Transgenderism is a problem in the Olympics, too. Per the latest rules, transgender “women” must test below a specified level of testosterone for more than one year in order to compete. But while this is doubtless somewhat effective, aren’t these athletes, with their still bigger, still stronger, and still more durable bodies, out of place even so?

This issue is important because in 2020, for the first time, the Olympics may have transgender competitors. Furthermore, there are many transgender activists who insist that testosterone testing is “discriminatory,” that it’s “a human rights issue.” People tend to be profoundly irrational and conformist whenever mankind’s precious rights are involved, so it’s not unlikely that, sooner or later, the Olympics will yield to transgender activist pressure, eventually becoming quite grotesque and full of herd cant, like the Women’s Studies seminars at your local college.

Last year, I read several articles in Sports Illustrated calling for women to become head coaches in the NBA. Surely this is not desirable. More than the other major team sports, the NBA is a players’ league, nor has it ever been so difficult for coaches to coach and get players’ respect. Indeed, old-school, no-nonsense coaches such as Gregg Popovich and Tom Thibodeau, who do both exceptionally well, are already on the way out, as millennials just don’t know how to deal with these sorts of men.

NBA coaches are commonly former NBA players, or men who played in college.
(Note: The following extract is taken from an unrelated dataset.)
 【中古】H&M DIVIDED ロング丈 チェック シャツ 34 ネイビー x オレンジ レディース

They have a longtime connection to the league. Most people today seem to take it for granted that everyone deserves respect, but this is historically new and a rather sentimental, feminine notion. It’s not how men actually work, and if there’s any group of men who still make you earn their respect, it’s professional athletes. Although several NBA players have endorsed the idea of women coaches, it’s hard to see women guiding and keeping a group of arrogant, highly competitive, and testy men in line. You may think this skepticism is prejudiced, and you’d be right, though, like many stereotypes, it’s a truthful prejudice: a judgment based on prior knowledge of how the sexes function. What has any woman coach ever done to earn the respect of a huge ego and prickly personality like Kobe Bryant? A stellar career in the WNBA? A master’s degree in sports psychology or sports management? Ah, that’s funny!
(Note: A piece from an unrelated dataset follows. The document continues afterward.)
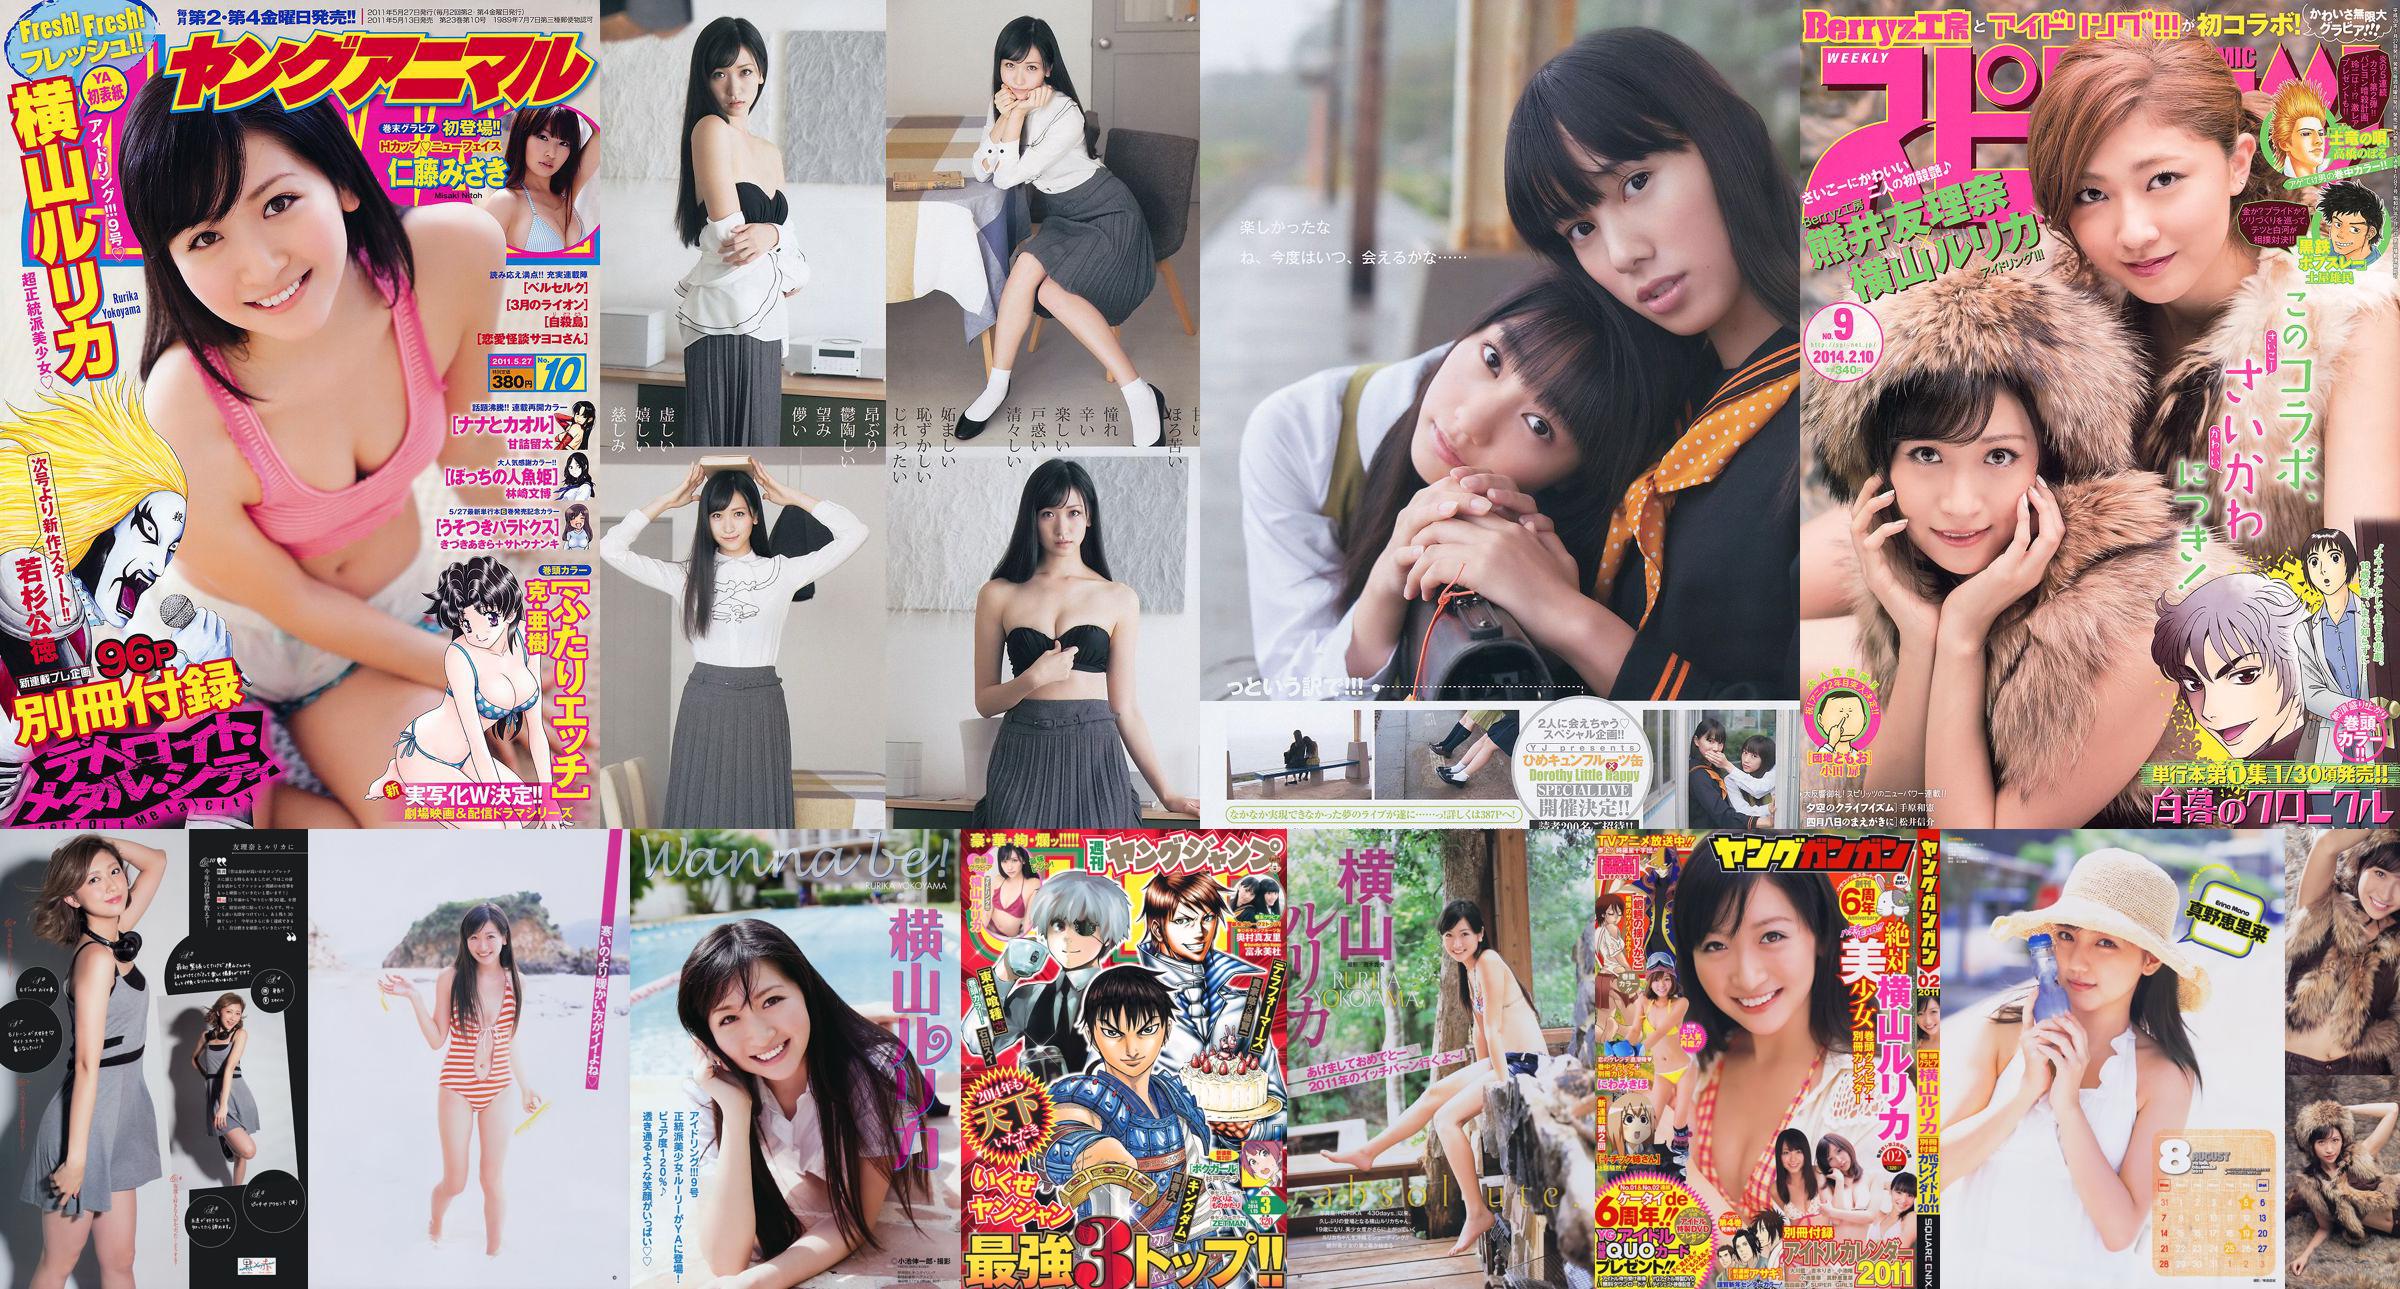 [Semangat Komik Besar Mingguan] Yokoyama Rurika Kumai Yurina 2014 Majalah Foto No. 09 No.726e26 Halaman 1

The truth is that, as in the military, women in leadership positions won’t be taken seriously in men’s sports, and rightly so. Like women themselves, men don’t want to answer to women, especially in a very masculine environment. It’s different with a figure such as Phil Jackson, who, for all their clashes, still coached Bryant to five NBA championships in an 11-year run with the Los Angeles Lakers (1999–2010). Although he was never an all-star player, let alone of hall-of-fame caliber, Jackson, a tough and highly skilled defender, was a vital reserve on the New York Knicks team that won the championship in 1973. Like Jackson’s superb stint coaching the Chicago Bulls in the 1990s, that sort of achievement matters to a man like Bryant, whose respect is not easily earned, and for good reason.
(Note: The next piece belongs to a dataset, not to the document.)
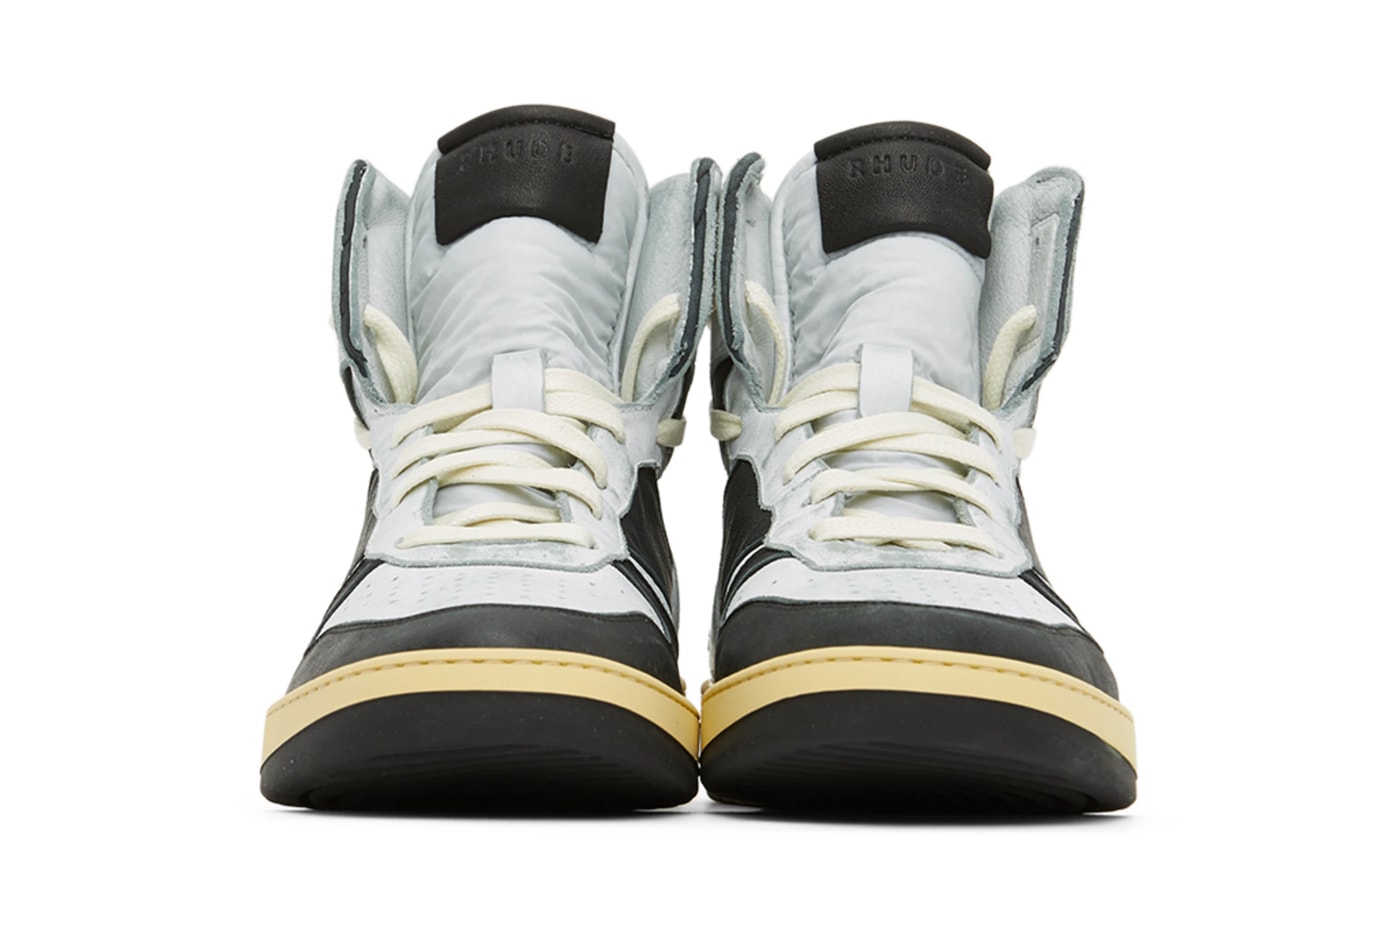 RHUDE Rhecess-Hi Hell Yeah Sneakers Black White Release

The view that women deserve to coach NBA players is so absurd that one shouldn’t have to refute it. Nobody deserves anything because of his or her gender, and neither in sports nor in any other domain do women have any business telling an all-male group what to do. The dreadful leveling and harm done to boys and young men in what now passes for education, from secondary schools up to our universities, furnish grim proof of what is sure to happen whenever women are put in charge of groups of men.